What's the difference between a public and private bitcoin address?

What's the difference between a public and private bitcoin address?

Vincent  

There is more to a bitcoin wallet than just the address itself. It also contains the public and private key for each of your bitcoin addresses. Your bitcoin private key is a randomly generated string (numbers and letters), allowing bitcoins to be spent. A private key is always mathematically related to the bitcoin wallet address, but is impossible to reverse engineer thanks to a strong encryption code base.

As mentioned, there is also a public key. This causes some confusion, as some people assume that a bitcoin wallet address and the public key are the same. That is not the case, but they are mathematically related. A bitcoin wallet address is a hashed version of your public key.



Visit here to exchange bitcoin to paypal

Can You Trust the Idea of Bitcoin

With bitcoin, trust has to work on both sides. Even though you as the user are always in control of your own finances, you still have to trust the rest of the bitcoin network to not drop off the face of the earth tomorrow.

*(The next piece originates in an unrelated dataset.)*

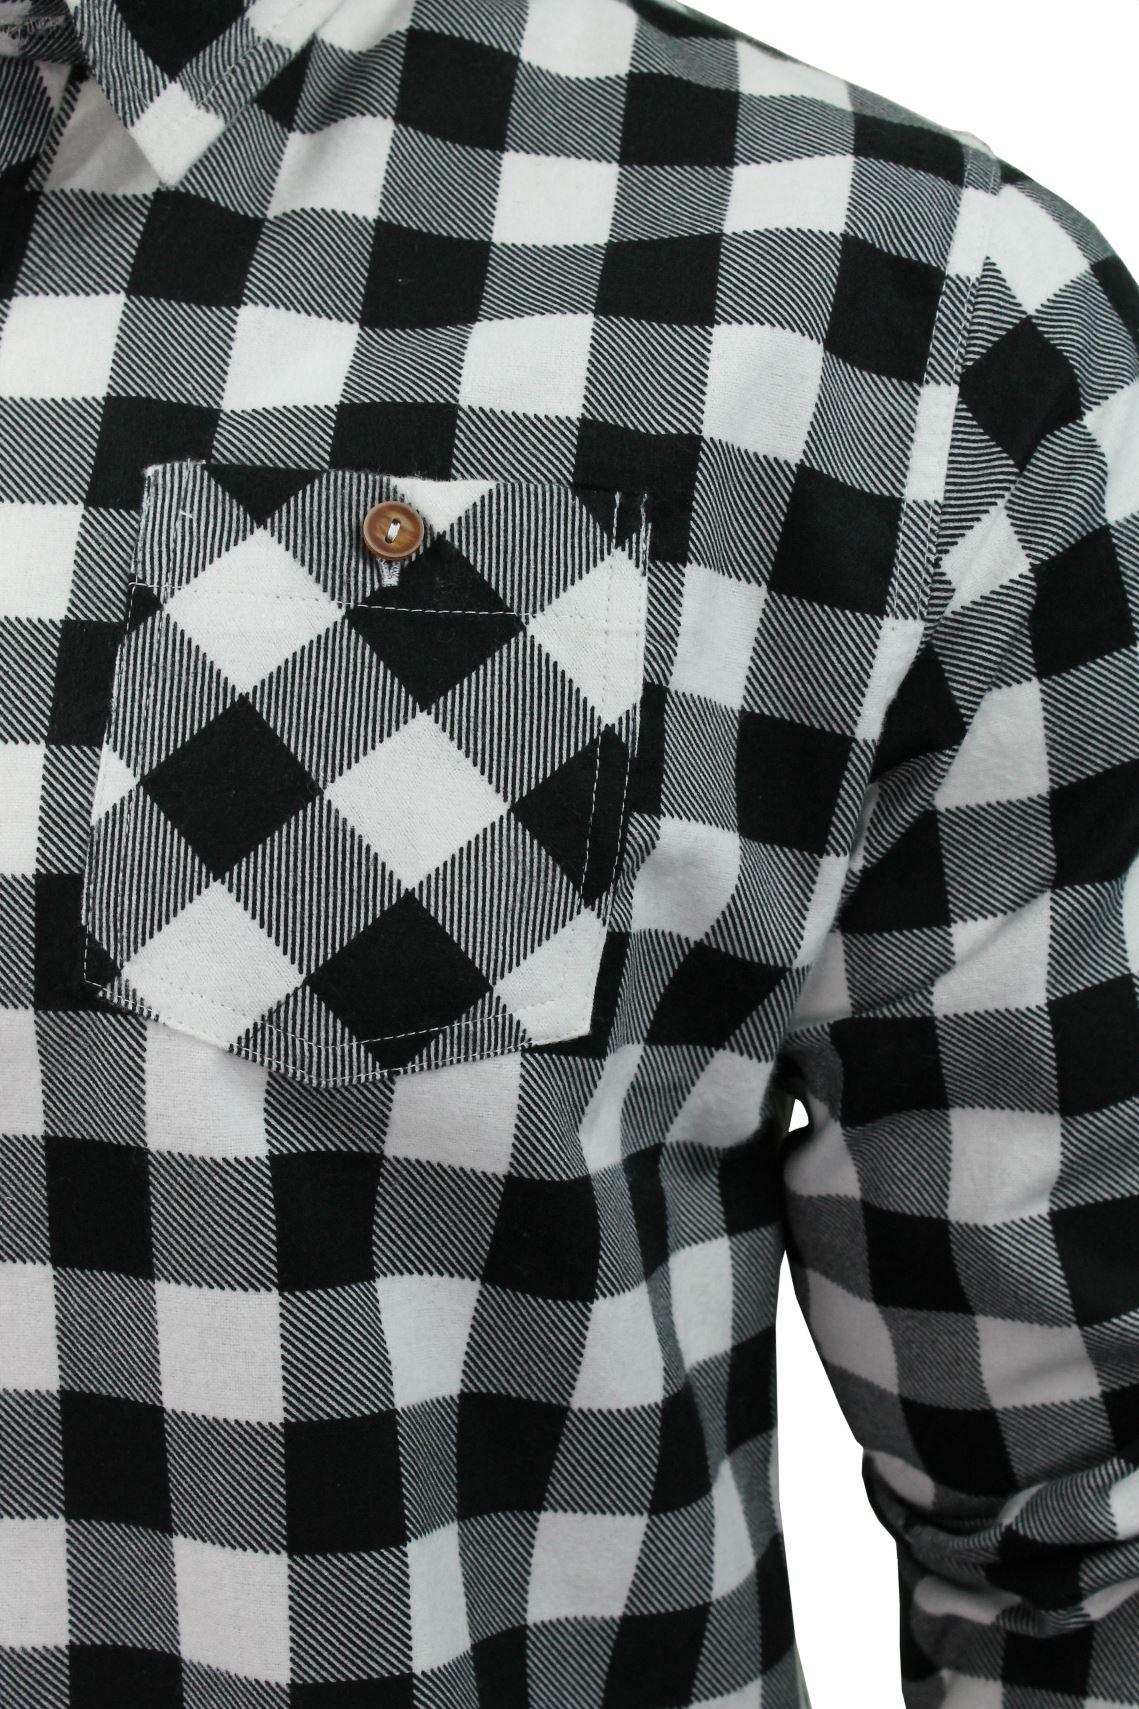 Brave-Soul-Brushed-Flannel-Check-Cotton-Jack-Shirt-Long-Sleeved thumbnail 11

The concept about bitcoin that people have the most difficulty with in terms of trust is decentralization. As mentioned, bitcoin is a decentralized digital currency, which means there is no central point of failure that would cause the bitcoin network to not recover. Every individual user is an integral part of the bitcoin ecosystem, so it would take a nearly impossible amount of collaboration in order to shut down everyone at the same time.

Trusting bitcoin technology

Human nature tells you to keep doing things the way we have been doing them. Beware change. When the Internet came around in the early 1990s, few thought it would ever become a commonplace, household service. It was for geeks. Yet look where you are now — everybody’s grandparents and their pet dogs are on the Internet. That being said, the transition from no connections to people all over the world being connected was a big change.

Bitcoin is often compared to the early Internet, a new and disruptive technology that seems to be far ahead of its time. In part, that’s true, as bitcoin is solving a technological problem that most people don’t think about in the first place. Not because the evidence isn’t there, but simply because human nature rejects changes as long as things “still work fine the way they are.”

Trusting bitcoin as currency

As previously noted, bitcoin is not a proper currency in its truest sense, but rather an alternative, digital method of payment. Granted, you can buy and sell services and goods in exchange for bitcoin, but the monetary aspect lacks certain features required for it to be considered as a true “currency” in the traditional meaning.

Nevertheless, lots of merchants put their trust in bitcoin as a payment method, simply by accepting it alongside more traditional ways of paying. The reasons are fairly simple:

  • No extra costs associated with accepting bitcoin payments
  • No additional infrastructure to set up

How Bitcoin Works

Bitcoin is changing the way people think about money by planting a seed of doubt in people’s minds — in a positive and thought-provoking way. Mind you, given the financial crises over the past decade, it’s understandable that some people are trying to come up with new and creative solutions for a better economy. Bitcoin, with its transparency and decentralization, may prove to be a powerful tool in achieving that goal.

One thing bitcoin does is bypass the current financial system and could therefore potentially provide services to unbanked and underbanked nations all around the world.

Bitcoin Fees

Bitcoin is often touted as a global payment network that includes no transaction fees. Up to a certain extent, that statement is true, but it doesn’t tell the entire story. No transaction fee is involved for the recipient on any bitcoin transaction coming from another user on the network. But sometimes, there is a transaction fee involved, albeit very minimal.

Transaction fees in the bitcoin world are not included in every transaction. In fact, most bitcoin wallets allow the user to optionally include a transaction fee in order to speed up the transaction itself. By speeding up, a transaction including a small fee will be prioritized to be included in the next network block, whereas transactions without fees have a lower priority.

How Bitcoin Transactions Work

At its simplest, a bitcoin transaction works by you giving someone else a designated amount of the BTC you own. In order for a bitcoin transaction to be deemed “valid,” there has to be at least one input, although multiple inputs are possible as well. An input is a reference to an output from a previous transaction.

Note that every input associated with a bitcoin transaction has to be an unspent output of a previous transaction. Furthermore, every input in a bitcoin transaction must be digitally signed, which occurs through the private key associated with the bitcoin address initiating the transfer of BTC.

How to Secure Your Bitcoin Wallets

In the same way that you wouldn’t walk around with your real wallet hanging out of your back pocket, or keep your bank card PIN number on a piece of paper inside that wallet, you need to be security conscious about your bitcoin wallet, too.

Secure mobile bitcoin wallets

A mobile bitcoin wallet is convenient to use, because it can be installed on either a tablet or smartphone. Either of these devices is more often than not in close proximity to everyday consumers and doesn’t require users to take additional items with them wherever they go.